Es ist geschafft: das Abitur 2020 am Ems-Berufskolleg mit seinen ganz speziellen Corona geschuldeten Bedingungen und Herausforderungen. 36 Schülerinnen und Schüler erhielten jetzt ihre Abiturzeugnisse und können mit Stolz auf die erbrachten Leistungen zurückblicken. „Wir fühlten uns auf jeden Fall gut für die Prüfungen vorbereitet“, resümieren Alina Burhenne, Leonie Freitag und Lasse Ottofrickenstein. „Unsere Unterrichtsthemen hatten wir abgeschlossen, und die Vor-Abi-Klausuren waren rechtzeitig geschrieben. Der 13. März war unser letzter Schultag, und erst am Nachmittag war uns klar, dass wir wegen Corona nicht mehr zusammen in der Schule sein würden. Das war schon traurig, denn wir hatten eine gute Klassengemeinschaft.“ Für Schulleiter Dieter Freyer ist es der letzte Abitur-Jahrgang, denn er tritt seinen Ruhestand an. Den Wirtschaftsabiturienten wünschte er gemeinsam mit Bildungsgangleiter Arndt Richter alles Gute: „An der Ökonomie kommt man im Leben nicht vorbei, und ihr habt dafür eine hervorragende Grundlage gelegt.“ „Aktiv gechillt – passiv gelernt: ABILANZ 2020“. Unter diesem Motto verlassen die Schule: aus Gütersloh: Chiara Montanes Barbarossa, Aleksandra Durgutovski; aus Harsewinkel: Jonathan Örs; aus Langenberg: Max Dumitrov, Iv Abigail Gödde, Nell Katharina Gödde, Nicole Schledewitz; aus Rheda-Wiedenbrück: Kathrin Borsig, Alina Burhenne, Leon Dreisvogt, Joel Ebeling, Gabriel Elma, Leonie Freitag, Tim Heidkemper, Leonie Humpe, Gabriel Imran, Calvin Kilic, Michael Kostenkov, Luis Kroll, Jule Lütkewitte, Eli Malki, Martin Milevski, Lasse Ottofrickenstein, Caroline Rohmert, Aaron Westhoff; aus Rietberg: Hermann Brüggenthies, Katharina Niediek, Jenny Katharina Schmidt; aus Verl: Christina Brummel, Noah Dalmis, Jasmin Graute, Leonie Lakämper, Hendrik Mühlenkord, Nick Pollmeier, Fabian Stelter; aus Wadersloh: Marlene Wagner.
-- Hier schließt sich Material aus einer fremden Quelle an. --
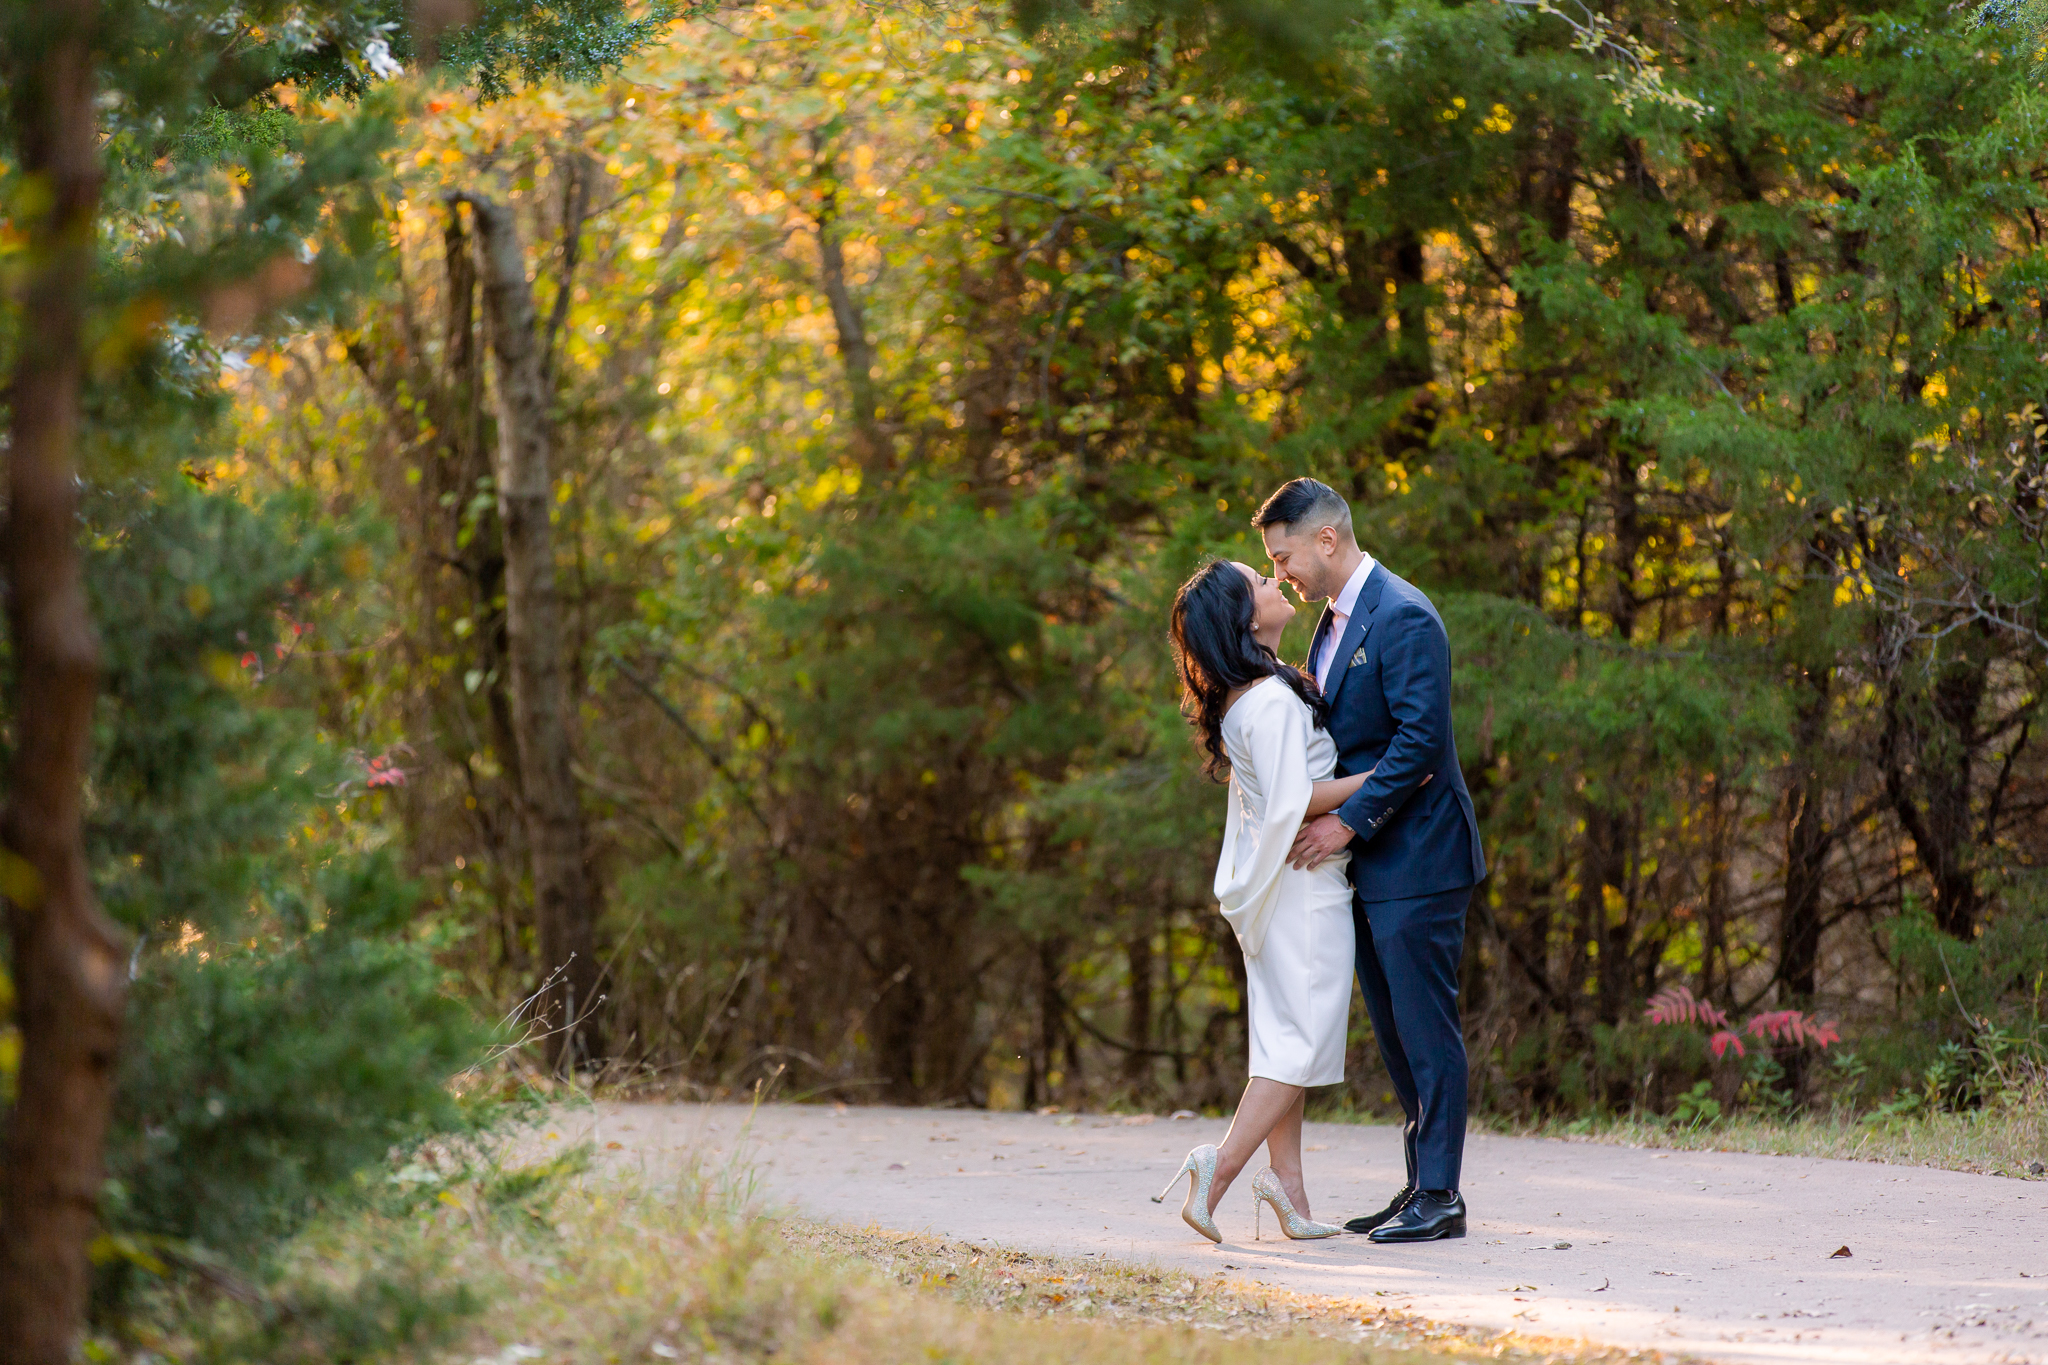 Dallas engagement session with woman leaning into the man and kissing him as her foot pops up and man leans into the woman as they stand on a path together

Unter der Betreuung der Klassenlehrer Julia Westermann und Mathis Jelen erreichten Leonie Freitag (1,1 Jahrgangsbeste), Alina Burhenne (1,3) und Lasse Ottofrickenstein (1,3) die besten Leistungen des Jahrgangs.
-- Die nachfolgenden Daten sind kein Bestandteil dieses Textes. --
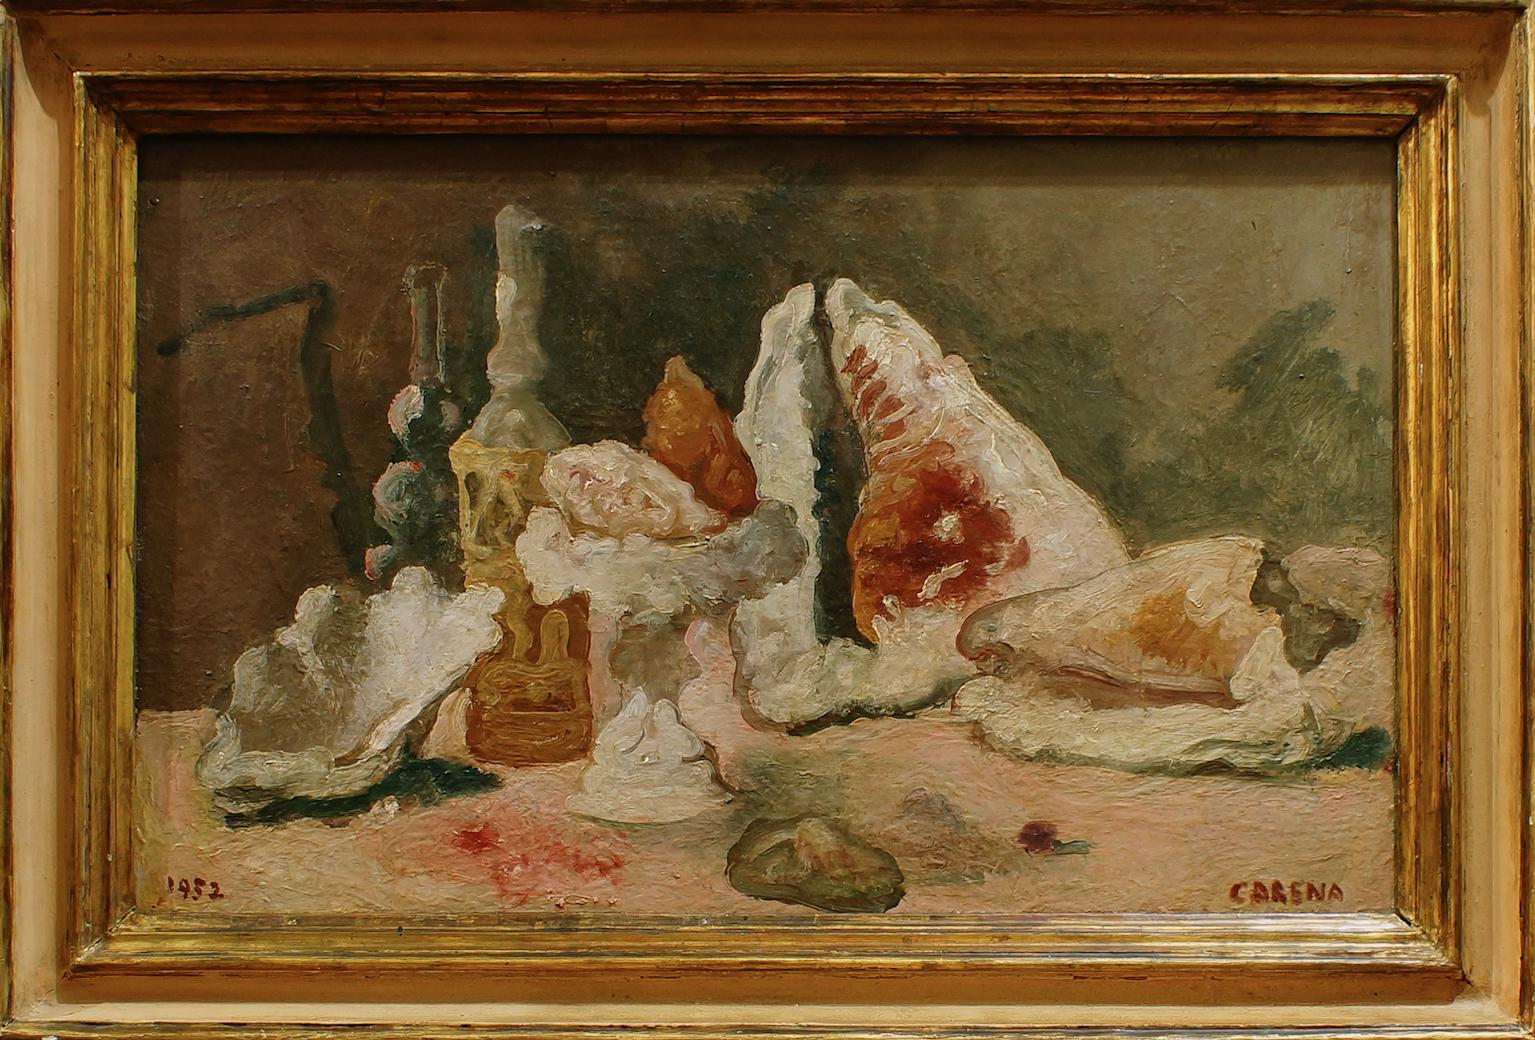 Felice Carena Figurative Painting - Still Life - Original Oil on Canvas by F. Carena - 1952

Am Ems-Berufskolleg wurde jetzt Schulleiter Dieter Freyer in den Ruhestand verabschiedet. In den letzten neuneinhalb Jahren hat er die Entwicklung der Schule geprägt und die vielfältigen Anforderungen an die Schülerschaft und an das Kollegium intensiv begleitet. Aufgrund der Corona bedingten Entwicklungen der letzten Tage im Kreis Gütersloh wurde eine offizielle Verabschiedung mit Vertretern des Kreises sowie der Bezirksregierung abgesagt. Aber vonseiten des Lehrerkollegiums gab es viele positive Worte über die Verdienste des Schulleiters. Und irgendwie passt so ein „lockerer“ Abschied zu Dieter Freyer, der auf „große Auftritte“ und Zeremonien wenig Wert legt. Insgesamt 25 Jahre war er in Schulleitungsfunktionen tätig, zuvor am Berufskolleg Halle. Nach dem Abitur am Hanse-Berufskolleg in Lemgo und dem Studium der Fächer Wirtschaftswissenschaften, Politik und Geschichte in Bielefeld absolvierte Dieter Freyer sein Referendariat am Carl-Severing-Berufskolleg in Bielefeld. Geprägt hat ihn auch die Herkunft aus einer ostpreußischen Flüchtlingsfamilie: „Ich möchte die Schüler auf den Weg bringen, sich zu entwickeln, bei allen Schwierigkeiten“, so Freyer. Dass ihm das gelungen ist, bestätigte ihm Lehrerin Jasmin Becker in ihrer Ansprache: „Sie haben sich immer für die Schüler eingesetzt; Sie haben diejenigen gefördert, die es nicht so einfach hatten. Sie sind ein Menschenfreund.“ Bei seinem Rückblick erinnerte Freyer an gemeisterte und bestehende Herausforderungen: sprachsensibler Unterricht, Entwicklung eines Medienkonzepts, die Einrichtung internationaler Klassen, die Qualitätsanalyse, der Einstieg in die Digitalisierung – und jetzt: Corona. Dem Kollegium und seiner Stellvertreterin Stefanie Ebbesmeier dankte Dieter Freyer für die gemeinsame Zeit und die Zusammenarbeit: „Reden statt anordnen“, so Freyer, das sei wichtig, wenn man bei Entscheidungsprozessen alle mitnehmen wolle: „Viel anzuordnen bringt wohl nichts.“ An Sommertagen kam Dieter Freyer gewöhnlich mit dem Motorrad zur Schule, in der Zukunft sind dann mit seiner Frau längere Strecken in Richtung Frankreich geplant.